MK — PORTFOLIO
Architecture Engineering Deep-Dive

WHY I STOPPED
FIGHTING LATENCY and started measuring it

MK
Mandeep Kaur
Senior Full Stack Developer
February 2026
9 min read

At WyldTrace, we had a traceability API that was slow — not catastrophically slow, but frustratingly, unpredictably slow. The kind of slow that makes stakeholders raise eyebrows during demos and causes that uncomfortable silence when a product manager asks why the page took four seconds to load.

After months of profiling, tuning, and one critical revelation about connection pooling under load, we brought average request latency down by 38%. This is what I learned — and what I'd do differently from day one.

"The biggest mistake wasn't the slow code. It was not knowing which code was slow, when it was slow, and why it mattered at scale."

THE Problem We Had

The platform handled product provenance lookups — scanning a QR code on a physical product should return its full supply chain history in under two seconds. In development, it did. In staging, it did. In production, under real load, it sometimes took five or six. Sporadically. Infuriatingly.

The initial instinct — and I'll admit this was mine — was to throw solutions at it. Add caching. Tune the JVM heap. Rewrite the worst-looking query. These things helped marginally. But we were optimising blind.

Lesson one: Optimising without measuring is guessing. You might guess right occasionally, but you'll never know why it worked, and you won't be able to reproduce the result deliberately.

BUILDING Visibility First

Before touching a single line of application code, we instrumented everything. Spring Boot Actuator gave us the foundation. We wired in Micrometer with a Prometheus backend, added custom timers around our most-called service methods, and deployed a Grafana dashboard that gave us per-endpoint p50, p95, and p99 latency in real time.

The first thing the dashboard told us was humbling: the problem wasn't our code at all.

// Before: fire and forget, no visibility
public ProvenanceRecord lookupRecord(String qrCode) {
    return repository.findByQrCode(qrCode);
}

// After: instrumented with Micrometer timer
private final MeterRegistry registry;

public ProvenanceRecord lookupRecord(String qrCode) {
    return Timer.builder("provenance.lookup")
        .tag("endpoint", "qr-scan")
        .register(registry)
        .record(() -> repository.findByQrCode(qrCode));
}

Once we could see the data, patterns emerged immediately. Latency spikes happened at predictable intervals — roughly every 10 minutes — and they correlated almost perfectly with connection pool exhaustion events in our HikariCP logs.

THE REAL Culprit

Our microservice was configured with default HikariCP settings. The default maximum pool size is 10 connections. Under normal load, fine. Under the burst of 50–80 concurrent lookups that came with a real product launch event, threads were queuing for a database connection for up to 3.4 seconds before the actual query even ran.

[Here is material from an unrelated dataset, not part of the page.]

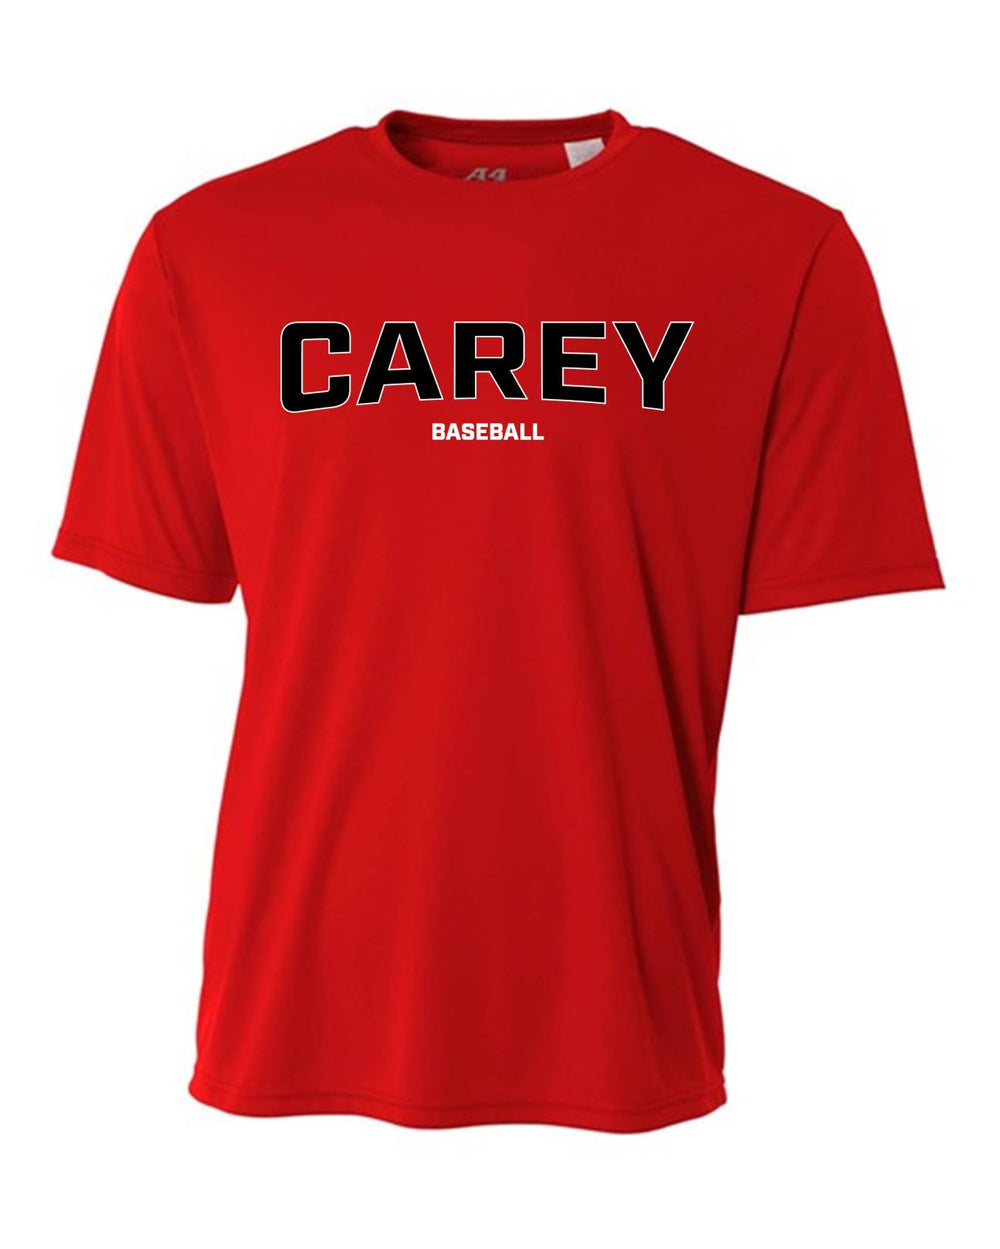 WCU Baseball Men's Short-Sleeve Performance Shirt WCU Baseball Red CAREY - Third Coast Soccer
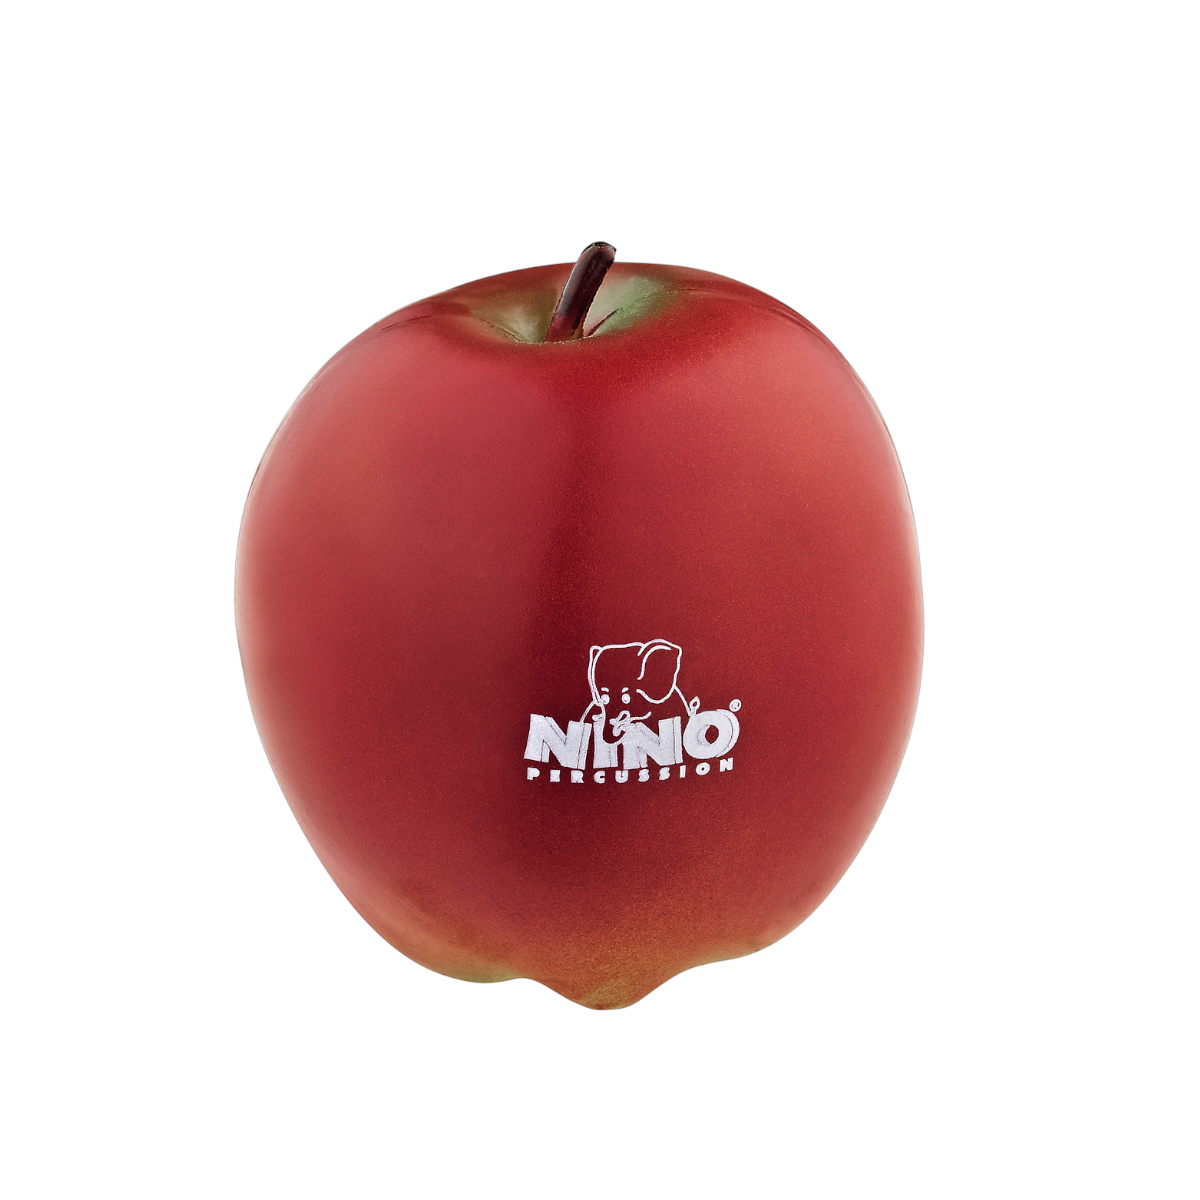 Nino Percussion Fruit & Vegetable Shaker - Apple

The query itself was fast — under 40ms with proper indexing. But threads were waiting 3,400ms just to get a connection. We'd been profiling queries while the real problem was a config value we'd never touched.

3.4s
Avg connection wait before
38%
Latency reduction achieved
1.2s
End-to-end at scale after

What We Changed

  • HikariCP pool size — tuned from default 10 to 30, with a connection timeout of 2s and a max lifetime of 10 minutes. Monitored the pool utilisation to find the right ceiling without over-provisioning.
  • Database indexing — added a composite index on (qr_code, product_id, created_at) which reduced our most common query from a full table scan to a sub-5ms index seek.
  • Read replicas — directed all lookup traffic to a read replica on AWS RDS, freeing the primary for writes and reducing contention.
  • Request pipeline batching — grouped concurrent lookups for the same product into a single downstream call using a short-lived in-flight cache keyed on QR code hash.
  • N+1 query elimination — Hibernate was triggering one query per supply chain step. Replacing with a single JOIN-based fetch via @EntityGraph cut per-request query count from 12 down to 1.

WHAT I'D DO Differently

Looking back, nearly all of this pain was avoidable. The fixes were not complex — the real cost was the weeks we spent optimising the wrong things before we could see clearly what was wrong.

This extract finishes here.